Vestigial views of ‘global health research should be driven by our agenda and the outputs belong to us since we pay for it’ can still be heard despite the calls for and drive towards more equitable partnerships in global health. Organisations such as the US NIH (Working Group on Promoting Equity in Global Health Research Collaborations)1 and the UKRI (UK Collaborative on Development Research ‘Building Partnerships of Equals’)2 are working towards fairer research partnerships.
Equitable partnerships in global health
There has been much written on equitable partnerships, recognising the importance in its own right,3 4 as well as in ensuring sustainability, efficiency and yielding better outcomes.5 One of the early writings on conducting ethical research in developing countries by Emanuel et al 6 emphasised the need for minimising exploitation and collaborative partnerships. More recent writing by Kumar et al discussed the systemic inequalities reinforcing inequities and the need for individual and institutional empowerment in combating such inequity.7
Our experiences indicate three areas upon which equitable global health partnerships are built: equity in research, ethics as a mandatory requirement and community engagement and involvement (CEI).
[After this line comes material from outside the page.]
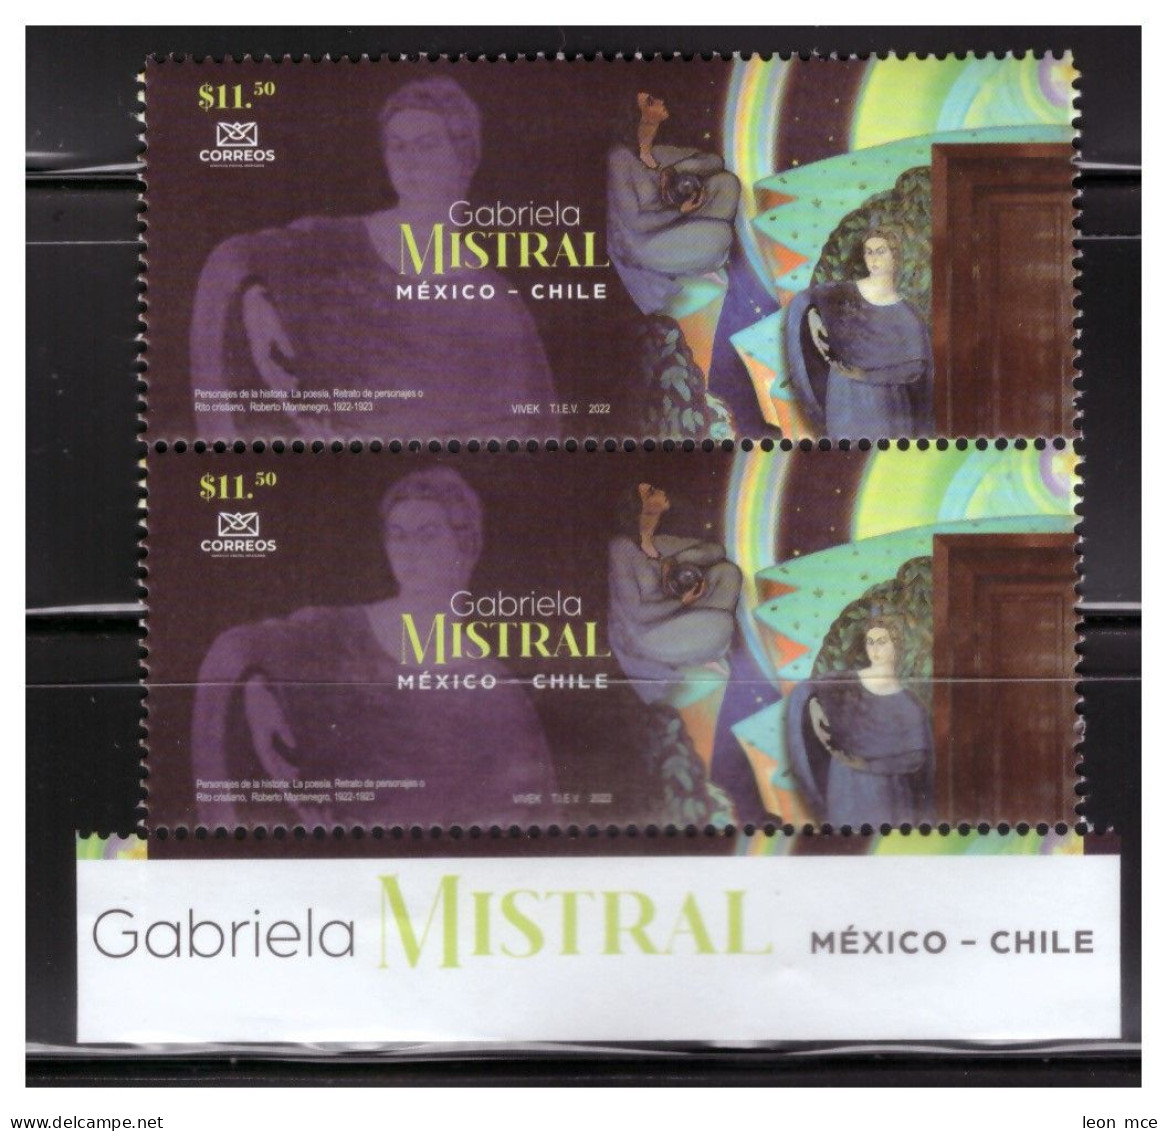 2022 MÉXICO - CHILE "Gabriela Mistral", EMISIÓN CONJUNTA, Writer, Joint Issue, 2 STAMPS WITH LEGEND MNH - Mexique

The role of research in global health: bidirectional knowledge flows
We believe research is the way forward to address this inequity in global health. Research collaborations among HICs and LMICs can be the way forward to close the health, research and publication gap between Global North and Global South.5 In the current context of the 10/90 (LMIC/HIC) divide in resource allocation, research funding and publications, as well as the disproportionate burden of diseases in LMICs, it can be challenging for LMICs to swim against the tide, particularly given the less well-developed research culture.8
There is some evidence that research carried out in the Global South had significant impact also on the Global North, though the quantum of research is limited (ie, 6% of total global research output).8 9 A clinical trial (1687 patients) conducted in South America, Africa and India9 that demonstrated magnesium sulfate as the treatment of choice for eclampsia is an early example of how collaborations can provide answers to global health problems. Another classic example is the research carried out by Patel et al.10 Before the findings of this study were disseminated, the WHO recommended syndromic management for vaginal discharge, where women were treated for some or all of five common reproductive tract infections, resulting in significant social cost through divorces due to mistrust among partners.10 A third example is the research carried out by Rahman et al on delivering psychosocial interventions by community health workers for maternal depression in Pakistan.11
The inequities in health research are to be exacerbated by modern trends in healthcare. For example, in the use of artificial intelligence (AI) in healthcare, AI draws conclusions and makes predictions based on the large healthcare databases it is trained on. The large, high-quality datasets required for training AI technologies are very limited in LMICs, so that the models and algorithms in AI usage will not function optimally for the under-represented people of LMICs.12
Despite the significant efforts from HICs to boost global health research in the recent past, the distance that is yet to be travelled was indicated by the investigation the senior author of this article carried out on under-representation of LMICs in the research literature in 2023: excluding USA, UK and other Euro-American countries, contribution from the Rest of the World in the research literature amounted to 6.5% in 2000 and increased to 11.9% after 17 years.8 9 13
Ethics in research as a key pillar in successful and equitable global health partnerships
Incorporating ethical practice into research should be an essential prerequisite of global health research, given the inequity in resource distribution as well as the concentration of new knowledge production belonging to a minority of HICs despite contributions from LMICs in that knowledge creation. Research is carried out in LMICs with the beneficial intent of promoting access to more advanced technology, knowledge, treatment and care; at the same time, it is also considered an opportunity to conduct clinical research, for example, in a location where it can be carried out at a lower cost and where legal and regulatory requirements are simpler.6
Justice and fairness are key ethical aspects that needs to be considered in research in LMICs. There is a move towards ensuring fairness in research by mandating reporting on research fairness: the Research Fairness Initiative reporting areas require that research projects report on the fairness of opportunity (relevance to communities, fair research contracting, fair recognition of management capacities), fair process (minimising negative impact, fair local hiring and training, fair data ownership, and full cost recovery) and, lastly, on the fair sharing of benefits, costs and outcomes.14 15
In a global health research context where the power differential is significant between HIC and LMIC partners, those from LMICs may become vulnerable. There should be respect for the autonomy and dignity of LMIC collaborating partners and their freedom of thought and action. LMIC partners should have an equal say in the collaboration. HIC partners need to respect the rights of LMIC partners and take necessary steps to provide support where the freedom of choice may be limited.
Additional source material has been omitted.